Quickler charges per report, with unlimited users on every bundle. Bundles run from Quickler 50 at 50 pounds a month for 50 reports, up to Quickler 500 at 500 pounds a month for 500 reports. Add every nurse, senior, manager and admin you like; you pay for the audits you file, not the people who could file them. Pricing is approximate and shifts, so check the current pricing page before you commit.

Questions, answered

What is a medication storage audit in a care setting?

It is a recurring check of the medicines environment and process: controlled-drugs cabinet compliance and security, room and fridge temperatures, stock in date, security of trolleys and treatment rooms, and the temperature log. It is separate from the eMAR, which records administration to residents. Quickler audits the storage environment; it does not touch the clinical record.
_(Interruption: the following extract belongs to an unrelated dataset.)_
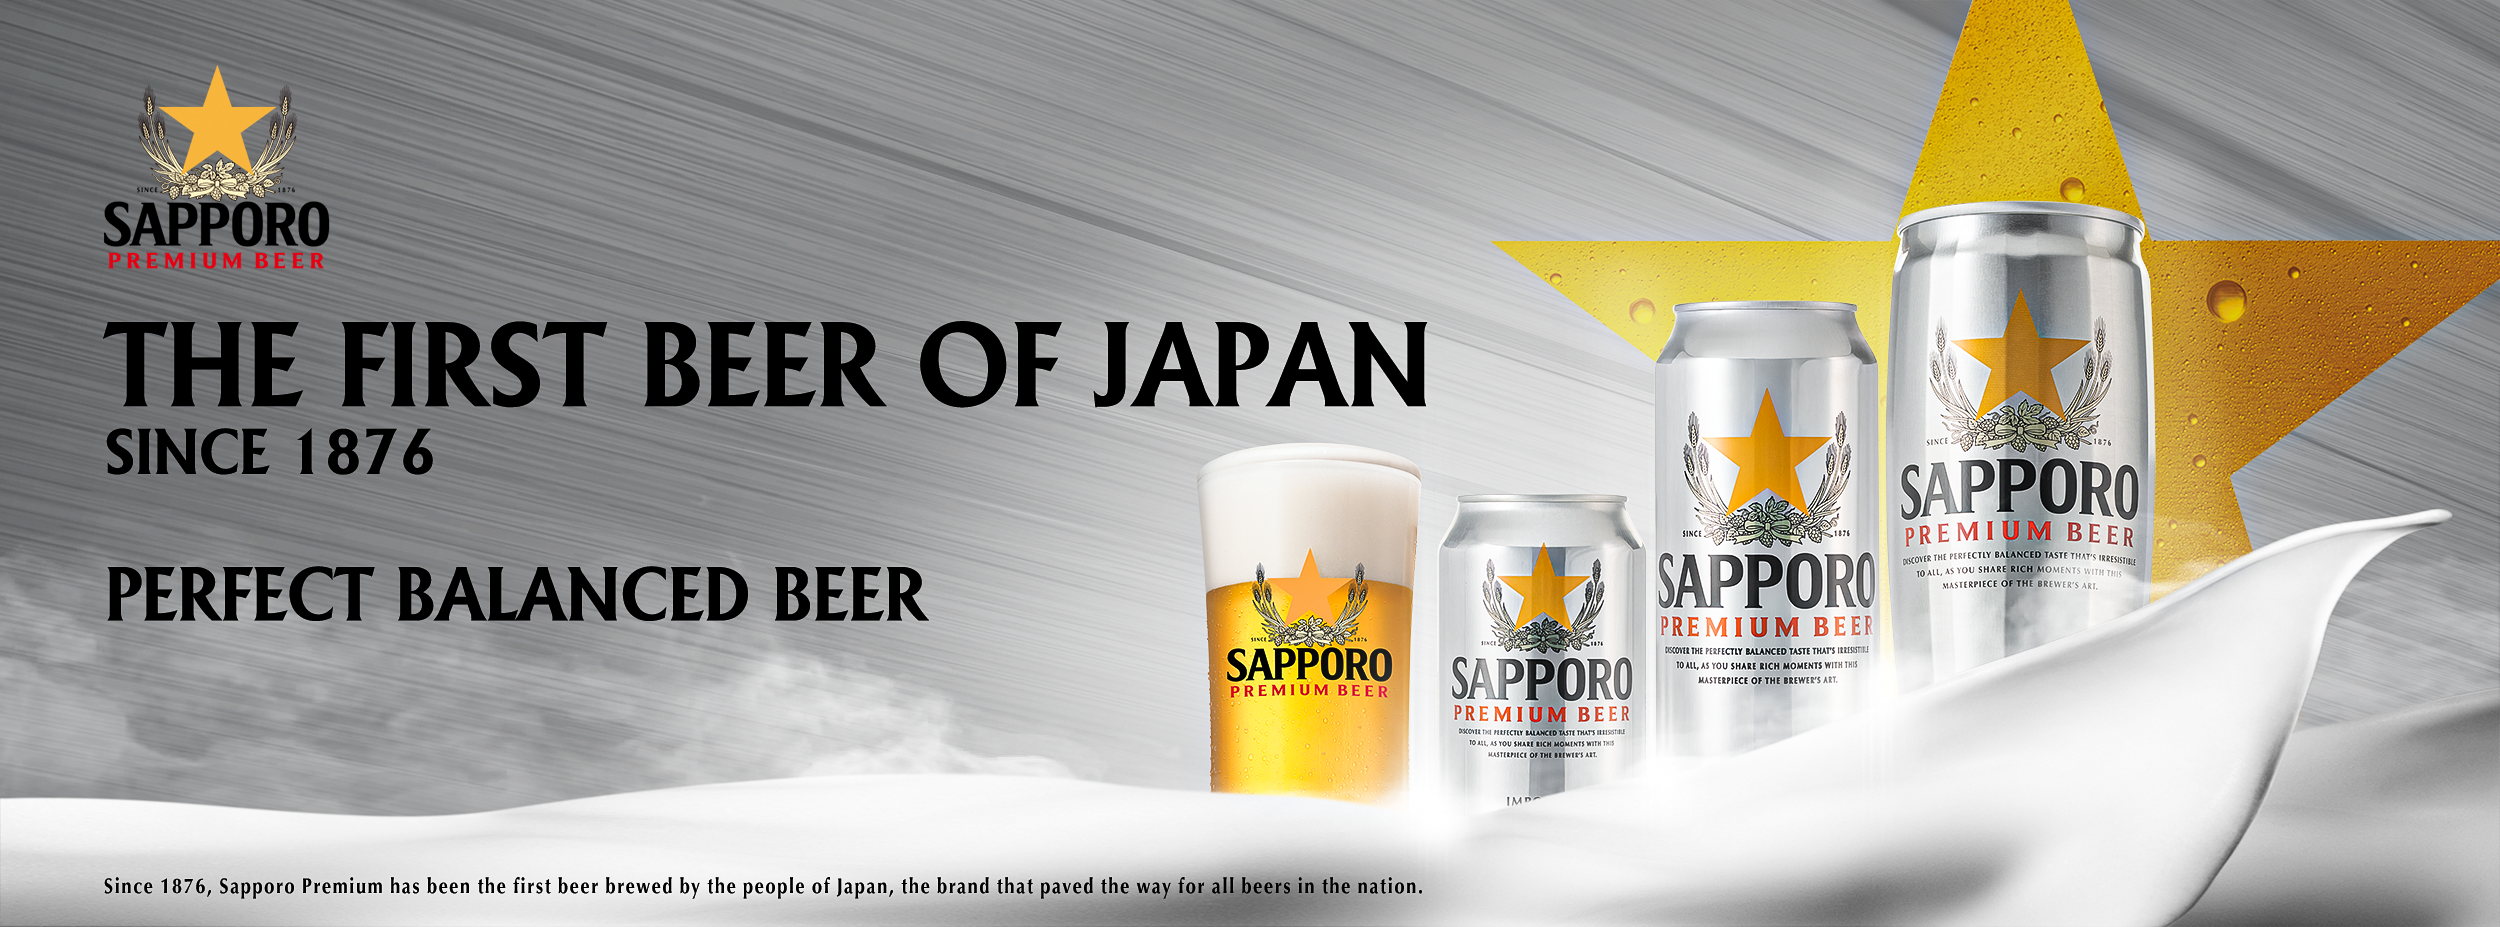 First beer of Japan — Sapporo Premium Beer | Sake Inn
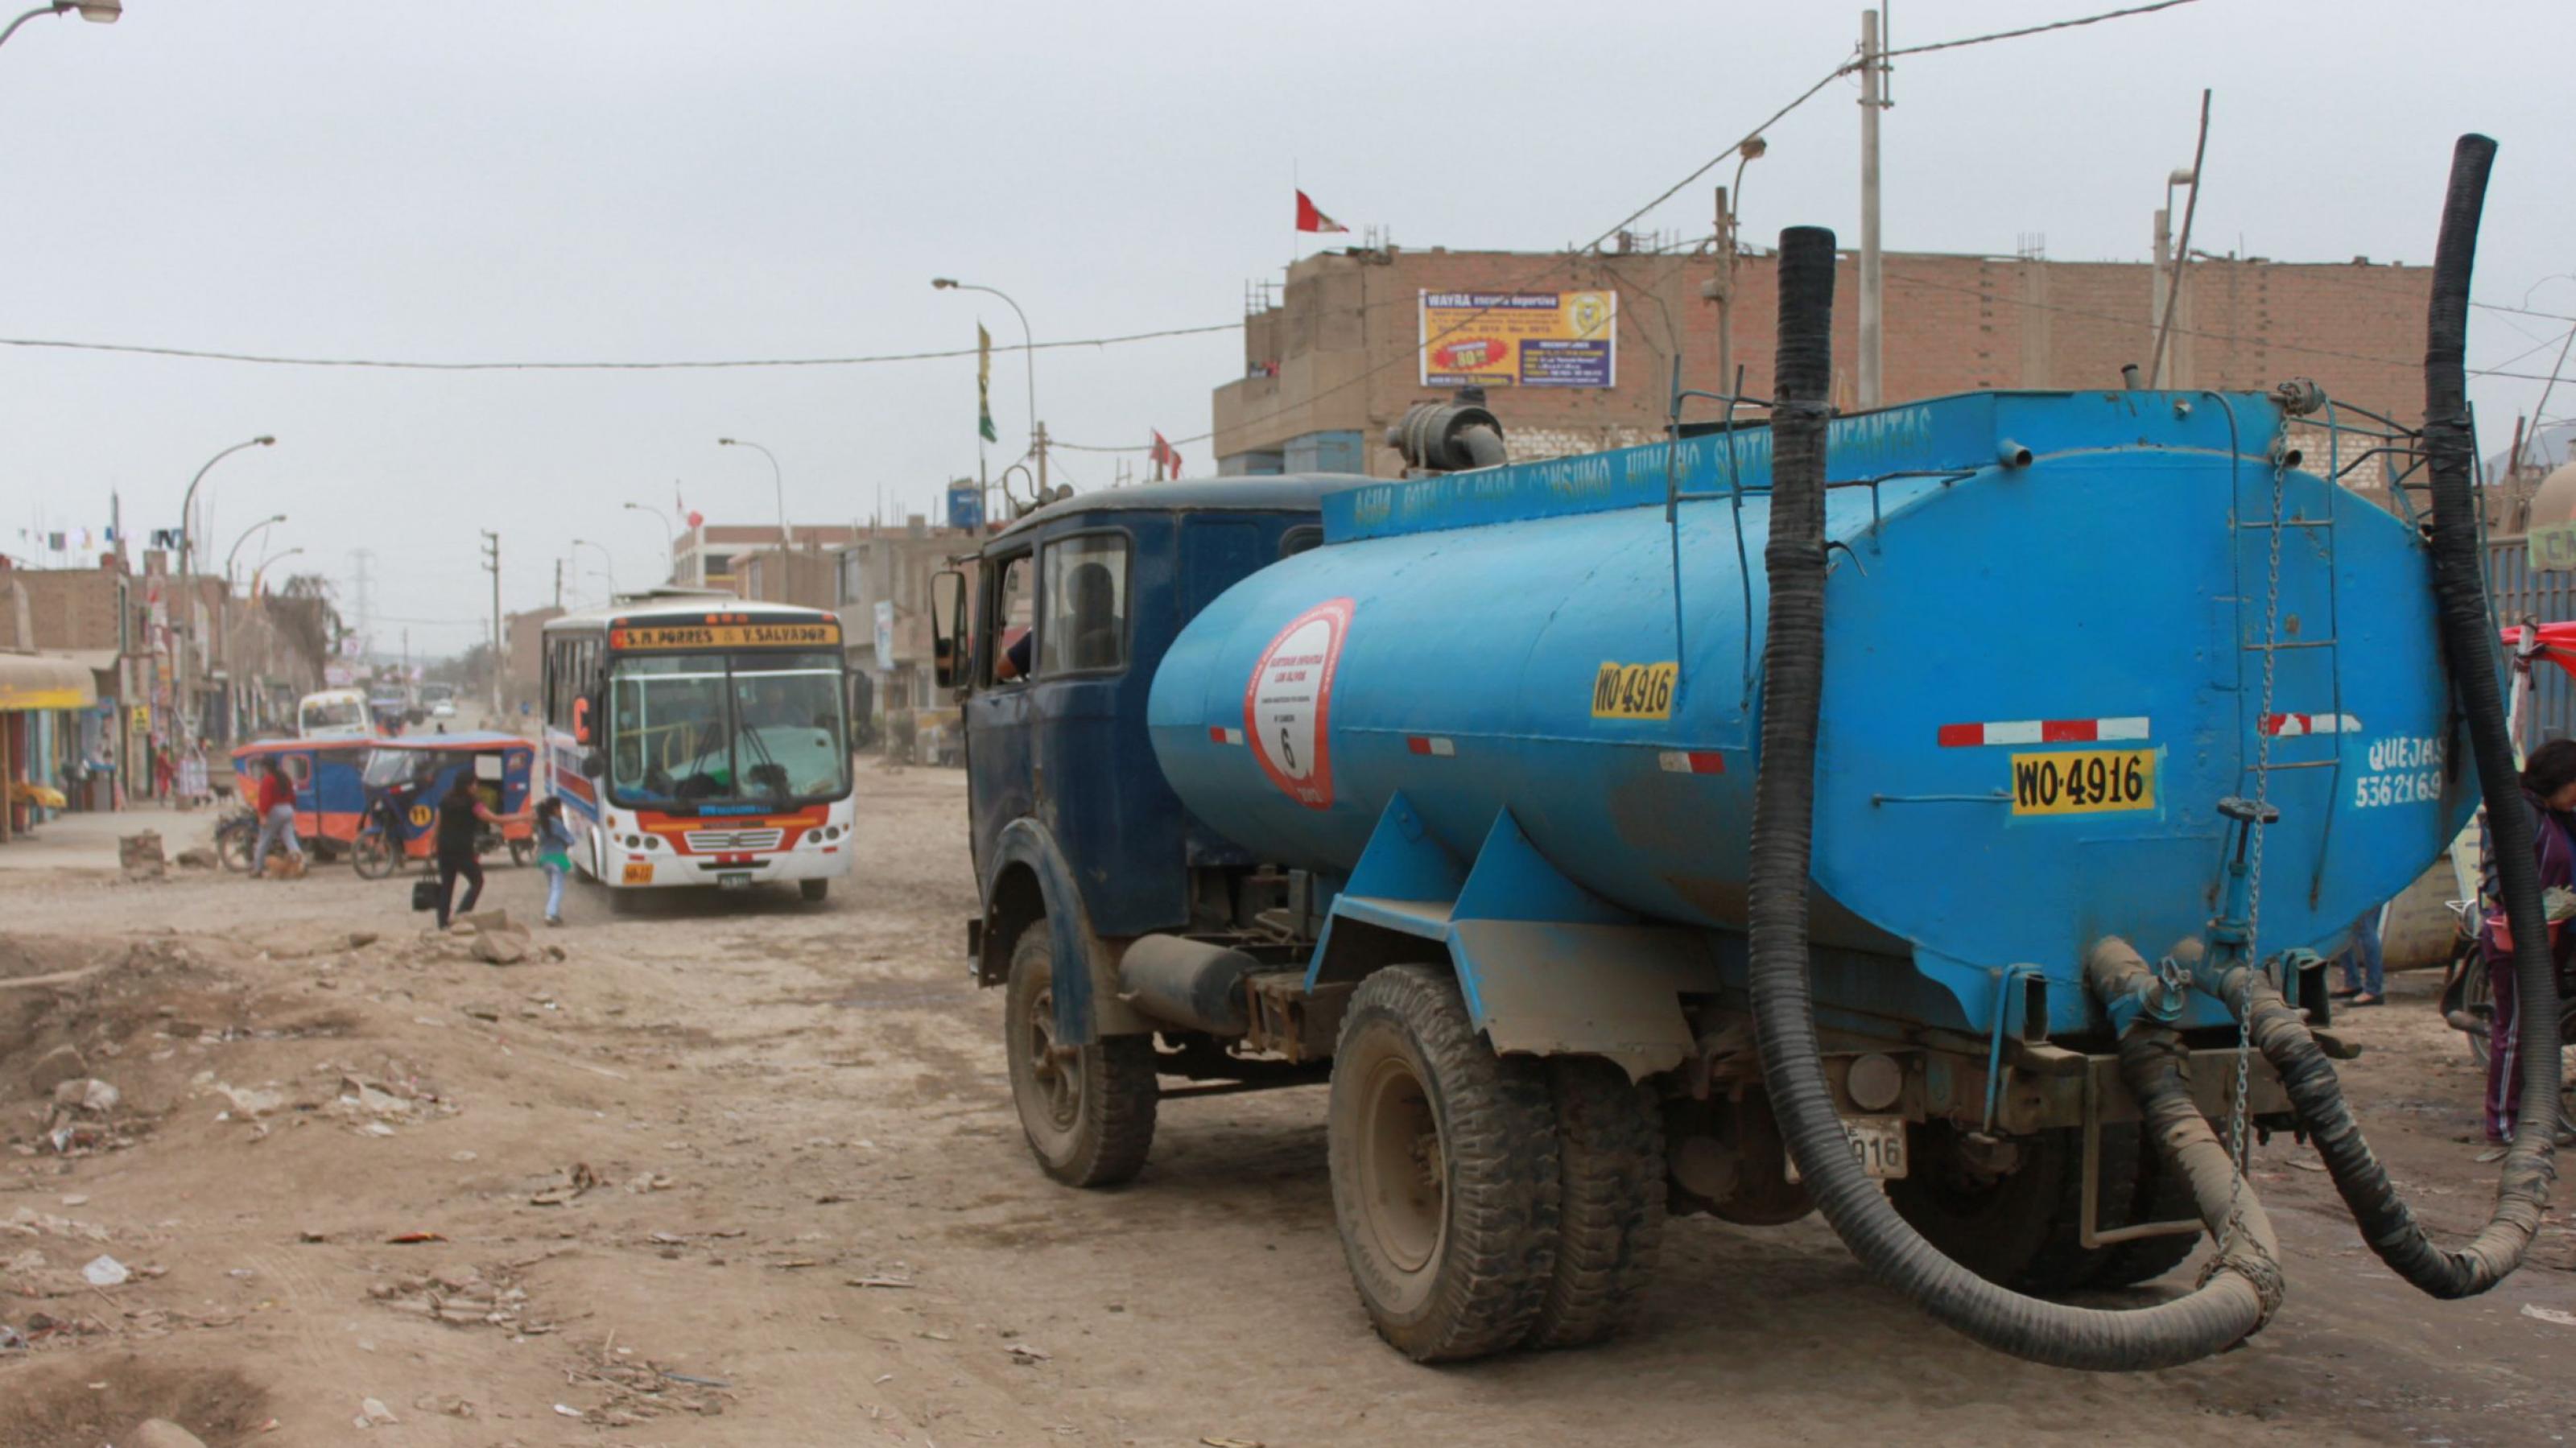 Ein blauer Tanklastwagen in einem Armenviertel, graue Erdstrasse, ein Bus, graue Häuser, kein Grün.

Does Quickler replace the eMAR?

No. Quickler audits the environment, premises and process around medicines. The eMAR is the clinical record of what was administered to which resident and when, and Quickler has no part in it. The two complement each other: the eMAR proves administration, the storage audit proves the medicines were kept safe.

What temperature should a medicines fridge be kept at?

Medicines fridges are commonly kept between 2 and 8 degrees Celsius, with the temperature monitored and logged, but the correct range depends on the products you hold. Confirm it against your own stock and current guidance. Quickler records the reading and flags an out-of-range value the moment it is entered; it is not a continuous data logger.

Can I run a medication storage audit over WhatsApp?

Yes. Quickler's workflows run over the WhatsApp Business API. The staff member receives each question in their existing WhatsApp chat, replies with text, a voice note or a photo of the thermometer or cabinet, and the completed audit report generates automatically. No separate app or login is required, and Quickler manages the WhatsApp Business API account on the firm's behalf.